There is something I have learnt the hard way and that is to trust my gut feeling. When I have convinced myself that my intuition or my gut feeling is wrong and gone ahead with a decision, it has always been the wrong one. It is easy to mock people who say “something doesn’t feel right” or “my gut is telling me no” but there is actually a real psychology behind it. Psychologists believe that a gut feeling comes from forgotten or suppressed thoughts, experiences and feelings so it’s not possible to pin point why something feels right or wrong but you just know it.IMG_4204

When we moved the Berlin we were desperate to get a rental after months of soul-destroying searches. We widened our search to a more outlying neighbourhood and on a reconnoiter visit to the area, my gut again was screaming no! It wasn’t a place that filled me with joy, quite to opposite. We found a beautiful apartment in the area and took it despite my misgivings and then spent eighteen months regretting it. We believe a different choice could have changed our whole Berlin experience.

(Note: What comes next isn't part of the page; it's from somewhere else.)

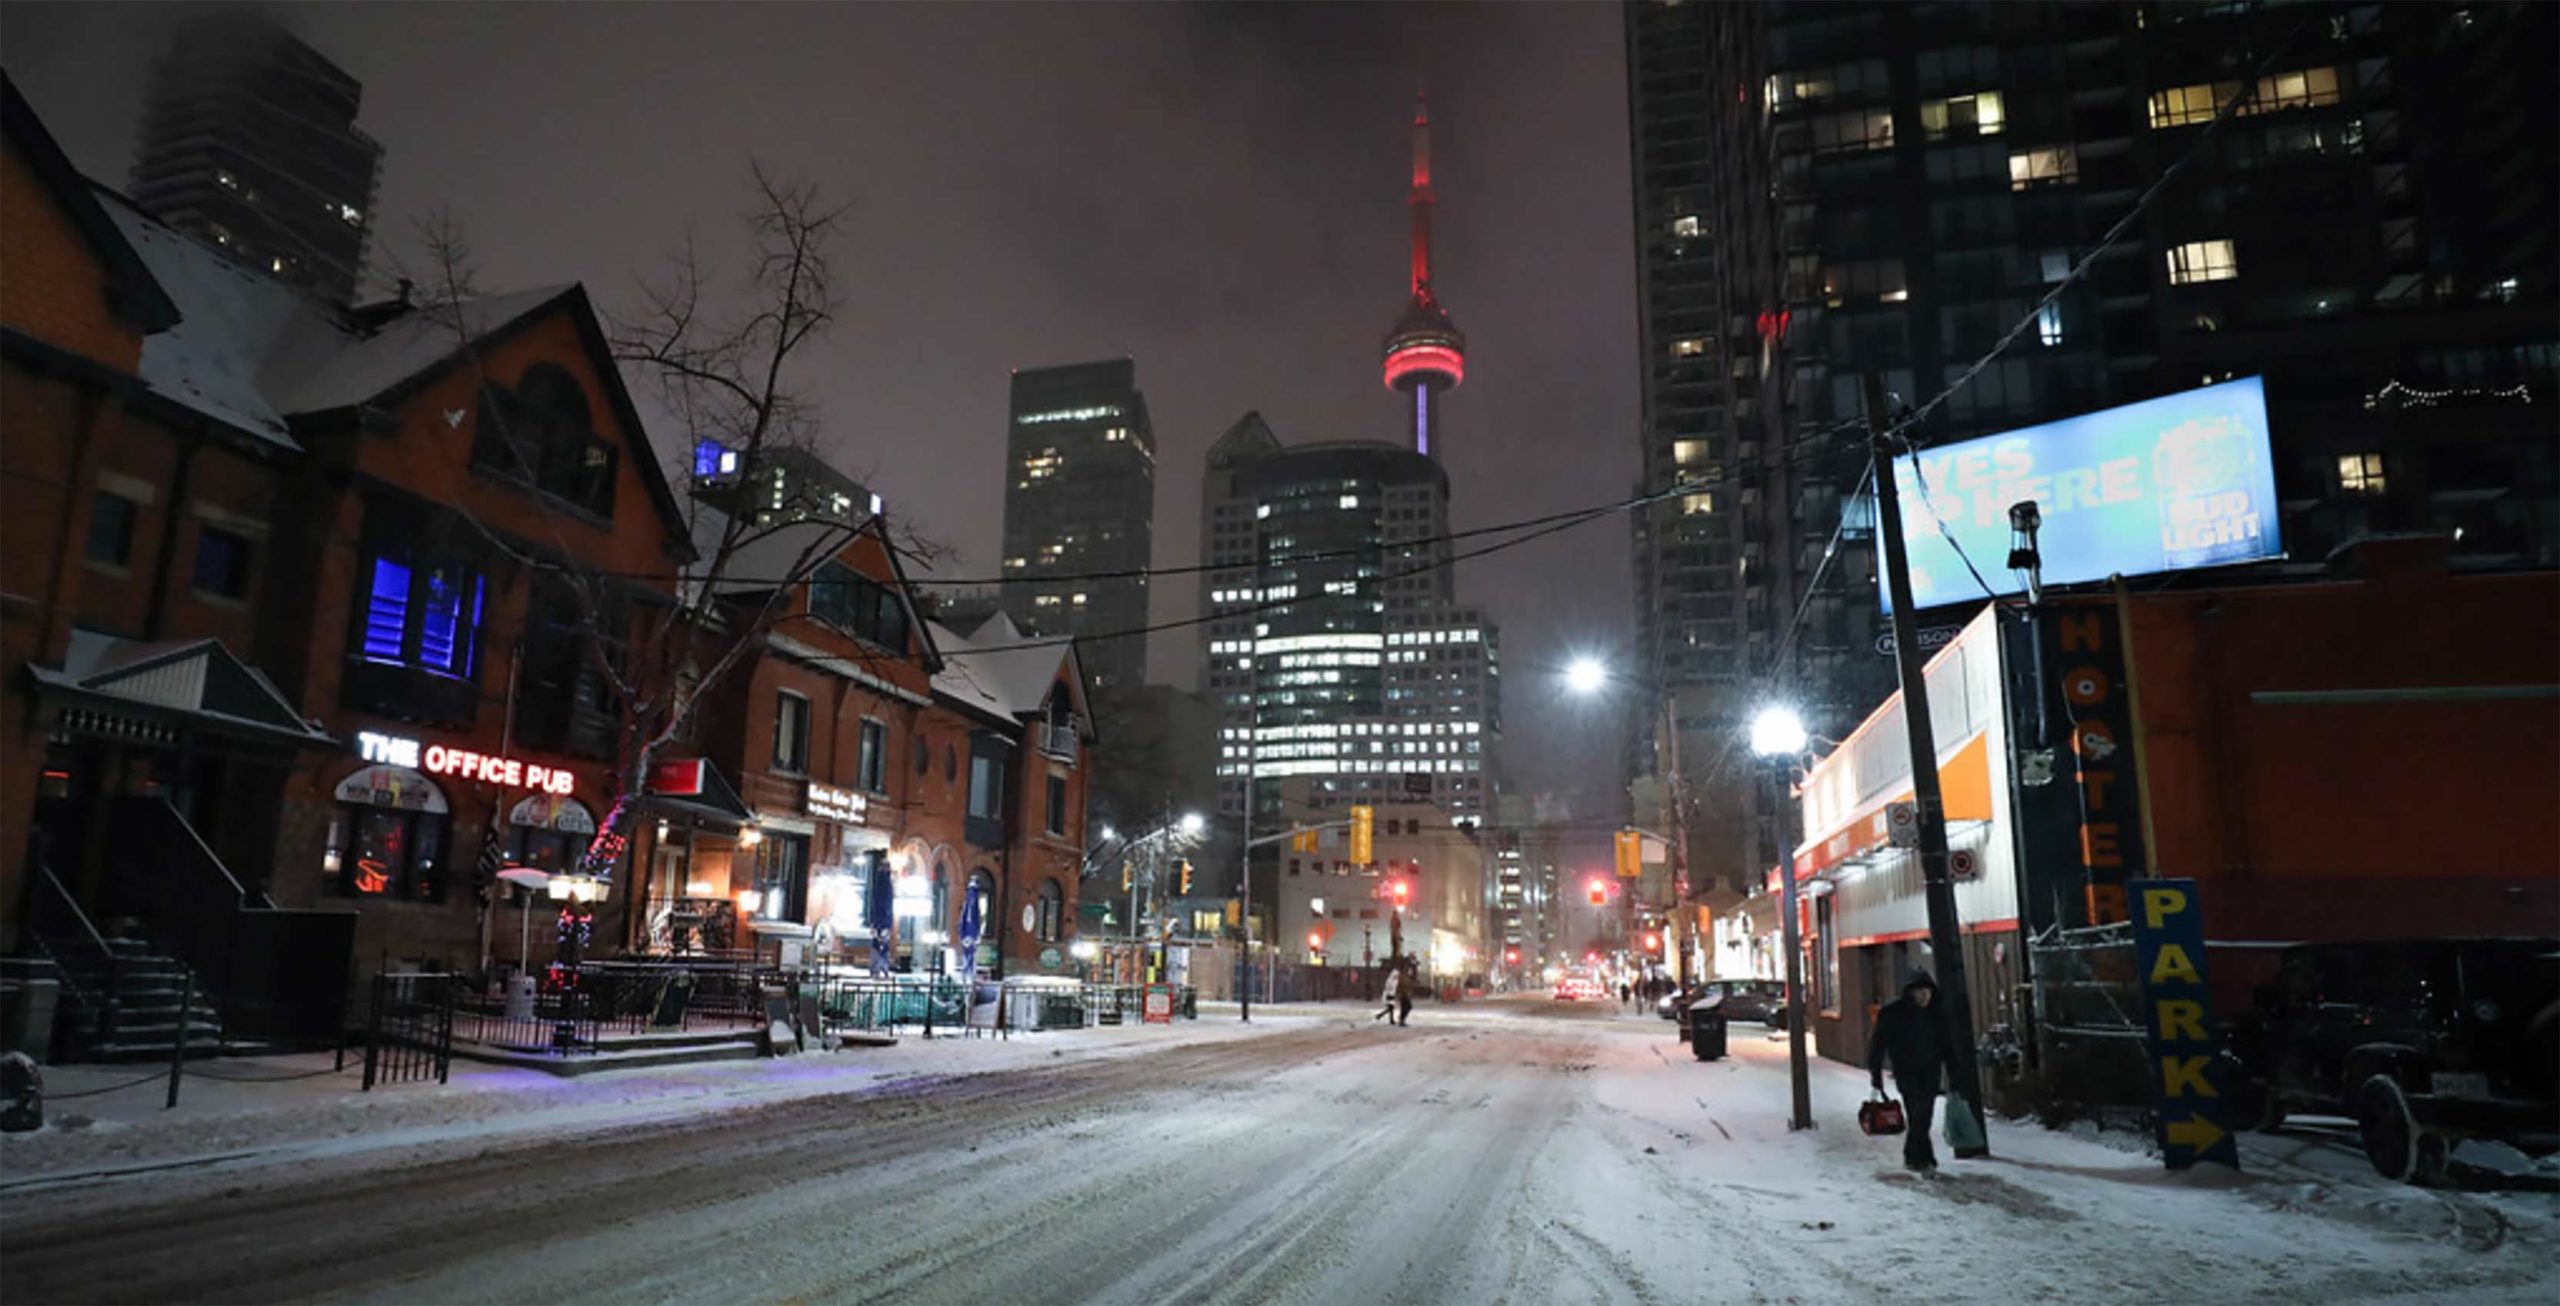 Toronto in the winter

On the flip side there have been gut feelings that have worked out splendidly for me. My first job was the perfect example, I had no idea what I really wanted to do except be a writer and a communicator so started applying for entry-level jobs in PR. I sent off hundreds of applications but there was one that I felt was me – campaigns and research assistant at CAMRA. I wanted to work for a place that I would feel a genuine interest in. I got the interview and then the job offer with a tiny salary. When I started I asked why I’d got the job and the reply was the interviewers had a gut feeling I was worth the gamble. The eighteen months I was there they took lots of gambles on me – I appeared as a spokesperson on high-profile news programmes, I learnt how to build a website, I was given a significant campaign as my own and taken on a lobbying trip to Prague – all with zero experience when I walked in the door at age 22. Mike Benner was my boss and I don’t think that any other boss in the ten years that followed ever gave me the support and belief in myself that he did – all because of gut feelings at the start.

Our move to Copenhagen was another follow your gut moment. With just a guide book and a weekend visit to the city I knew I wanted this place to be my home. And eight years later I still do.

So where is all this going? I am not saying follow your dreams but follow your gut.

Sometimes we want to rush things and ignore our intuition and moving to a new country or job means that we feel we must make fast or snap decisions but you need to listen to your inner voice. You may need to make the best decisions you can with the information you have available (another post there!) but take time to make sure you feel as comfortable as you can with them. But it is also important not to have too much pride and not admit that something is a mistake. I often hear from expats for whom the move hasn’t worked out that they can’t return home as they would be seen as failure. Quite frankly moving to another country in the first place is a massively brave thing to do and its even braver to say if it’s not working out or to change how you are doing it. It’s all about you. Over the years I have realised that for so long I was a passenger in my life and now I am the driver, as I do the best to follow my gut.



  1. This article reflects something I often think: trust my mind or also ask the opinion of my feelings? That sensation of emptyness and discomfort you feel in your stomach when a hard choiche might not be the right one, and you are making it anyway.
    I also believe your gut often tells you what your brain really thinks!!! So many times I’ve repressed my gut feelings and made a bad choice based on needs/rationality/shortage of time but that wasn’t something suiting my happyness 😦

  2. You have nailed the description of what metaphysics calls the solar plexus chakra – the gut. If we all could learn to listen to it more often, our lives would be so much easier. Unfortunatly, few of us learn that lesson early in our lives. You did – congratulations.

  3. I agree that sometimes intuition can be as valuable as pure cold logic, even if we can’t always pin down the reasons why something just ‘feels right’. After almost four years in DK, and having taken a long career break (or perhaps mini-retirement is a better term) I’m now trying to find new career opportunities and discovering the huge challenges that expats can face in building a new life abroad. It remains to be seen whether our choice will have been for the best, but I do love Denmark and am loath to give up just yet.